L’activité d’une brasserie ou d’un restaurant détermine, en partie, la valeur du fonds de commerce. Mais celle-ci est tronquée désormais ou parfois même inexistante, notamment pour les bars à cocktails ou spécialisés en mixologie. « La présence clientèle sur laquelle on pouvait compter – et qui permettait aux acquéreurs de se projeter – est aujourd’hui interdite. Et si la Covid demeure, est-ce que les clients auront envie d’aller dans des petits établissements ? », s’interroge Michel Belhassen. Dans un tel contexte, les lieux trop exigus pourraient avoir mauvaise presse. À cet égard, les agencements « de type Covid » et les établissements disposant d’une terrasse semblent davantage convoités.

Liquidations judiciaires et autres possibilités

Il est difficile d’envisager un avenir radieux dans l’immédiat pour les propriétaires de fonds de commerce en CHR. Certains se posent des questions, d’autres attendent que ce terrible orage passe, et quelques-uns ont déjà placardé la mention « À céder » sur leur devanture. « En restauration, il n’y a pas vraiment de baisse de prix, sauf s’il y a des problèmes de trésorerie. On peut trouver des prix cassés dans des dossiers compliqués avec des fortes charges, certains attendent alors les mises en liquidation et d’autres se protègent » , explique Éric Pitoy du réseau entreprises et commerces de Proprietes-privees.com. Mais du côté des acquéreurs, l’enjeu est tout autre. « Certains d’entre eux pensent que le marché de la liquidation sera un eldorado demain, avec des acquisitions à 40 % ou 50 % du prix de base. Mais j’ai peur que cette of f re pléthorique anesthésie le marché », s’inquiète le directeur de l’agence Mibelimmo.

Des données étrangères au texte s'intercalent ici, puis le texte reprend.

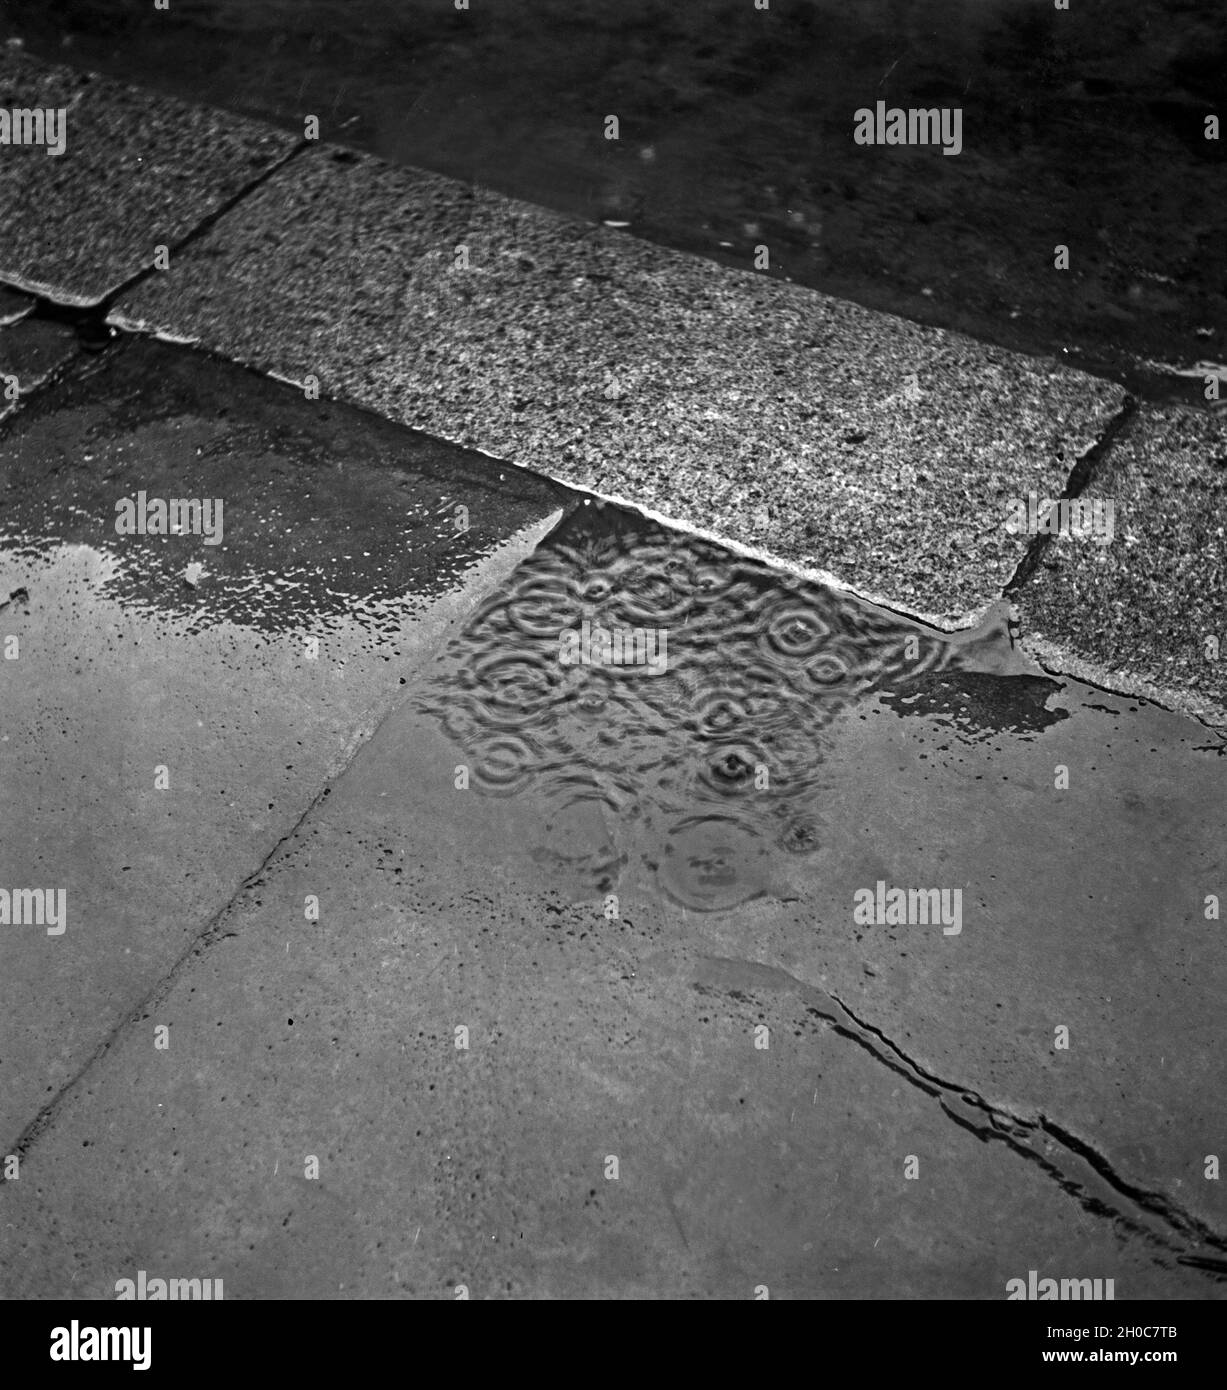 Regentropfen fallen in eine Pfütze auf einem Bürgersteig in Braunschweig, Deutschland 1930er Jahre. Raindrops falling into a puddle at the pavement of Braunschweig, Germany 1930s. Stock Photo
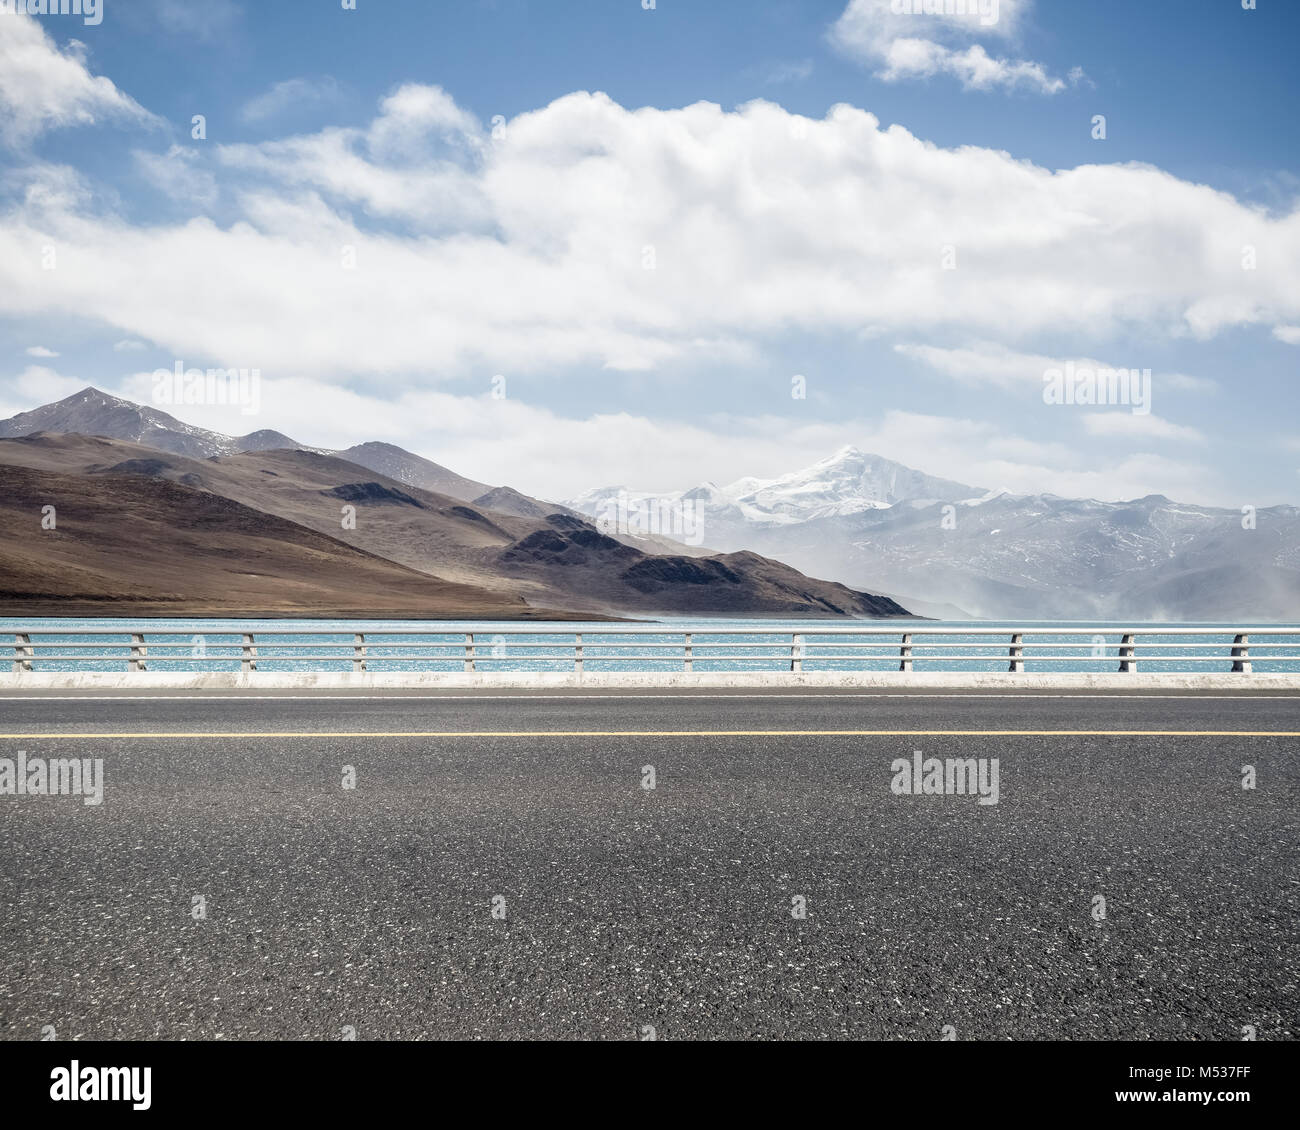 Route avec lac sacré au Tibet Banque D'Images

Pour les futurs propriétaires de fonds de commerce, la possibilité se trouve peut-être de l’autre côté du périphérique. « Des acquéreurs sont désormais ouverts à l’étude de dossiers en petite couronne, dans le 94, le 92 et des villes qui jouxtent Paris. Certains clients souhaitent même vendre leur bien à Paris et acquérir en province, pour des raisons de mise au vert, cadre de vie ou loyers trop élevés », confie Michel Belhassen. Néanmoins, dans ce marché parisien en crise, un type d’établissements bénéficie encore d’une certaine cote : « Les bars-tabacs continuent à très bien se vendre à Paris comme en banlieue. Nous avons notamment une clientèle asiatique qui recherche toujours ce produit », reconnaît Bruno Marcillaud.